Entre un año y el siguiente hacemos balance de muchas cosas: altibajos emocionales, amoríos, cambios laborales y, en el caso de las lectoras empedernidas, también de los libros leídos. Tenemos nuestras listas, nuestras aplicaciones de móvil, nuestros registros: nos aferramos a cualquier cosa que deje constancia de las páginas devoradas, de cierto itinerario intelectual que, cada diciembre, cotejamos con los demás. Ponemos estrellitas, dejamos comentarios, subimos a redes sociales un cartel que reúne las cubiertas de todos los libros que hemos leído en los últimos doce meses.

Hace tiempo que leer dejó de ser únicamente un acto solitario y pasó a ser una manera de definir nuestra identidad. Elegimos y planeamos nuestras lecturas como quien diseña el candidato político perfecto o un perfil de Tinder. Hay libros que cotizan al alza, hay libros que no importan a nadie. Aquello que leemos (y mostramos) informa quiénes somos. O, más bien, quiénes queremos ser; quiénes queremos ser en comparación con los otros.

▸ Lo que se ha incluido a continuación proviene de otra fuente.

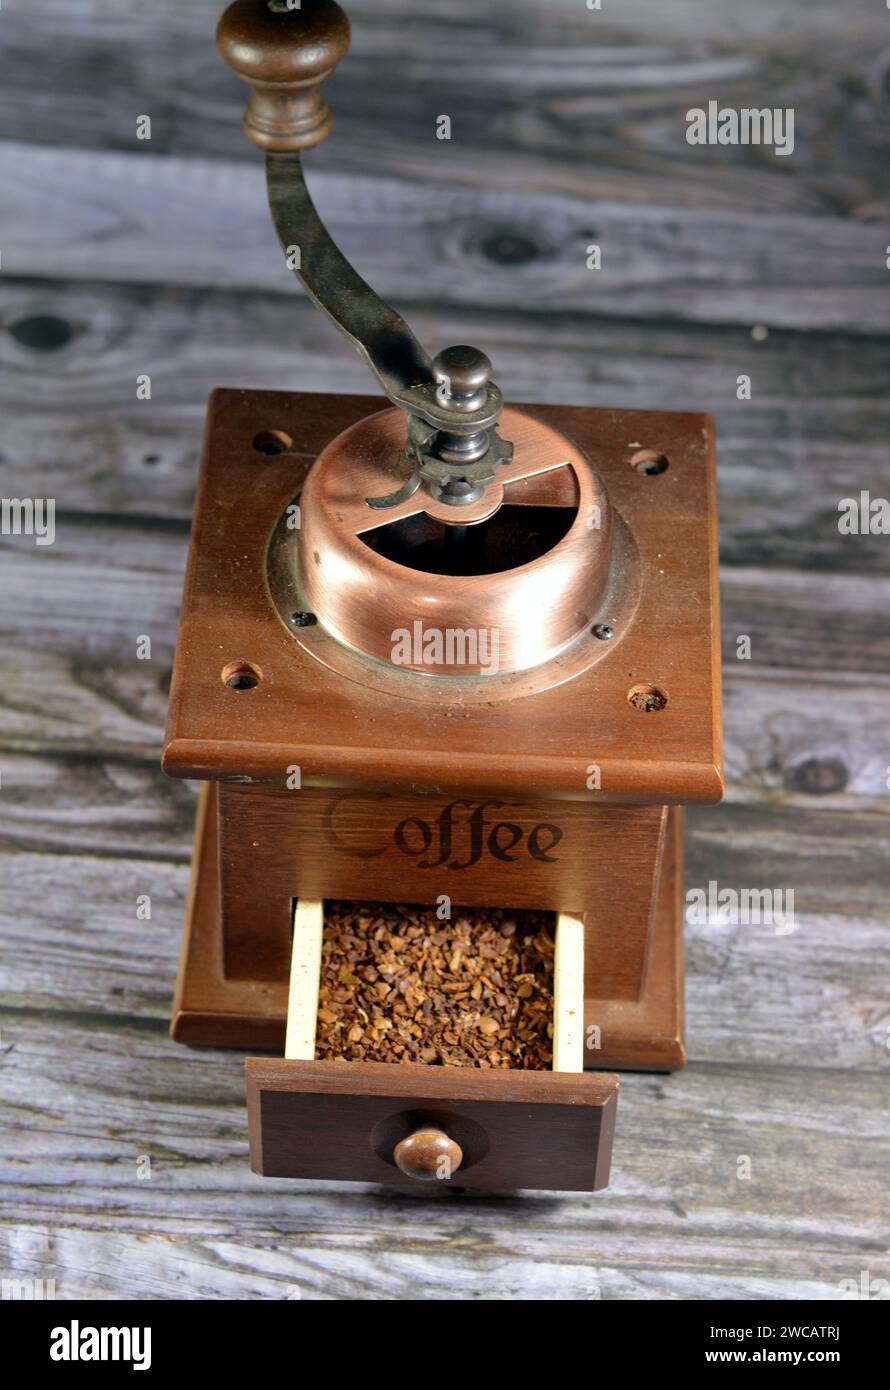 Molinillo de cafe antiguo moledor de cafe manual molino de grano de cafe  clasico

Con cada comienzo de año me interrogo acerca de mi relación con la lectura. El año pasado no compartí con el mundo mi inventario de libros leídos (aunque disfruto viendo los del resto), pero no puedo evitar elaborar la lista en las últimas páginas de un cuaderno pequeño, negro, discreto, donde anoto desde 2019 el título, autor y editorial de cada libro que termino. Me digo que tiene sentido, que es posible que olvide los títulos si no hago esto. Y es verdad, porque soy despistada y cuando alguien me pregunta qué me ha gustado de aquello que he leído últimamente mi cabeza se nubla y parece que no he leído un libro en la vida.

Pero también es evidente que al elaborar esa lista estoy ejerciendo un acto de vanidad. Con el ansia por intentar leer más que el año anterior muchas veces me olvido de leer mejor. ¿Por qué esta obsesión por la cantidad frente a la calidad? ¿Acaso porque es más fácil comparar números que comparar reflexiones, ideas, impresiones?

Me pregunto qué lugares del engranaje cultural nos ayudan a ser mejores lectores y qué lugares nos animan al consumo rápido, a engullir los libros por miedo de quedarnos atrás en la conversación, a simplemente tachar de la lista (¿qué lista? ¿Quién la decide?) ciertas novedades editoriales o ciertos libros del canon.

A veces parece que la industria cultural conspira contra aquello que de verdad nutre la lectura: la quietud, la calma, la soledad

Está claro que todo va a cien por hora y la industria editorial no es una excepción; las editoriales deben rellenar sus excels de títulos nuevos, alimentar al mercado, a la bestia, a nuestra propia ansia lectora. Pero leer mejor implica de manera inequívoca leer despacio y para hacerlo hay que despojarse del ego, de la carrera, de la competición. Yo, concretamente, de la efímera satisfacción que me produce ver que el número de libros terminados este año es algo mayor que el número del año anterior (por no hablar de la satisfacción de comprobar que he leído más que Pepito Pérez, semi desconocido de internet).

Quizás los pódcasts de prescripción cultural (culpable) y las listas de mejores libros del año sirvan para cribar y seleccionar lecturas que merecen la pena, pero indudablemente también crean necesidades. Cuántas veces los oyentes de los pódcasts culturales les dicen a sus prescriptoras de confianza: “es que no me da tiempo a leer todo lo que recomendáis”, en un tono que a veces es casi acusatorio.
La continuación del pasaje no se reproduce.